I am trying to convert my flat ROOT ntuples into dataframes (via arrays). Currently, I am using root_numpy and would like to use uproot instead to avoid any ROOT dependencies.
I have a list of string names of the 20 variables to save (from a total of 104 variables in the tree) named vars_to_save.
In root_numpy I use:
rootFile = ROOT.TFile(f)
intree = rootFile.Get(tree_name)
arr = tree2array(intree,branches=vars_to_save)

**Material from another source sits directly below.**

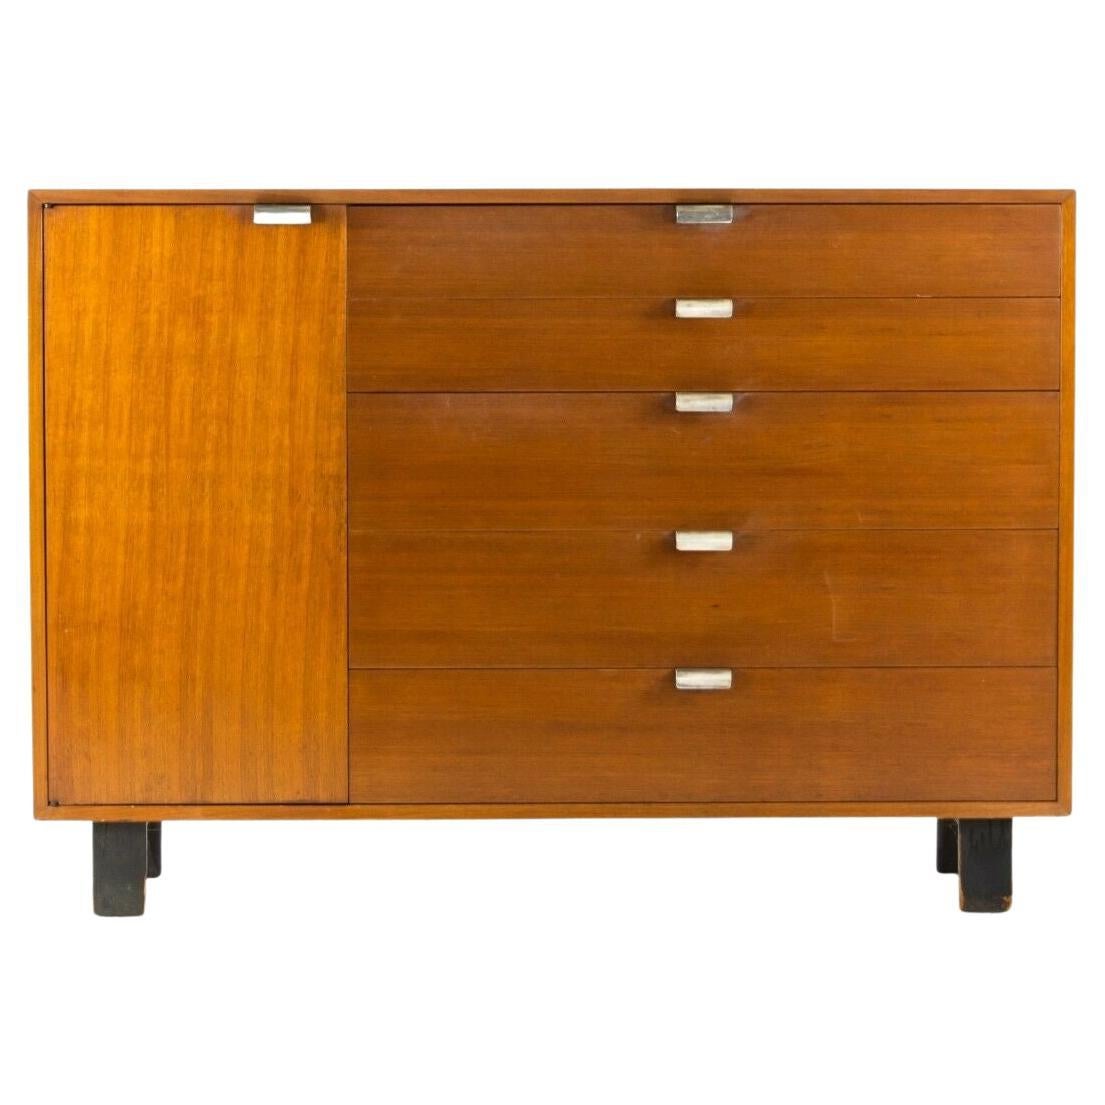 1954 George Nelson Herman Miller Basic Cabinet Series 4936 Credenza / Dresser For Sale

df_root_numpy = pd.DataFrame(arr)
with this taking ~ 2 seconds ( for 491176 events and the 20 variables in the list of strings vars_to_save)
In uproot I have tried:
#attempt 1
tree = uproot.open(f)[tree_name]
df_uproot = tree.pandas.df(vars_to_save)
#attempt 2
tree = uproot.open(f)[tree_name]
df_uproot = tree.arrays(vars_to_save, outputtype=pd.DataFrame)
#attempt 3
tree = uproot.open(f)[tree_name]
arr = tree.arrays(vars_to_save)
df_uproot = pd.DataFrame(arr)[vars_to_save]
with each taking ~ 45 seconds ( around 20 times slower). In attempt 3 I notice that the tree.arrays() step is the slowest step taking around 40 seconds.
Is there a way in uproot to speed up this operation?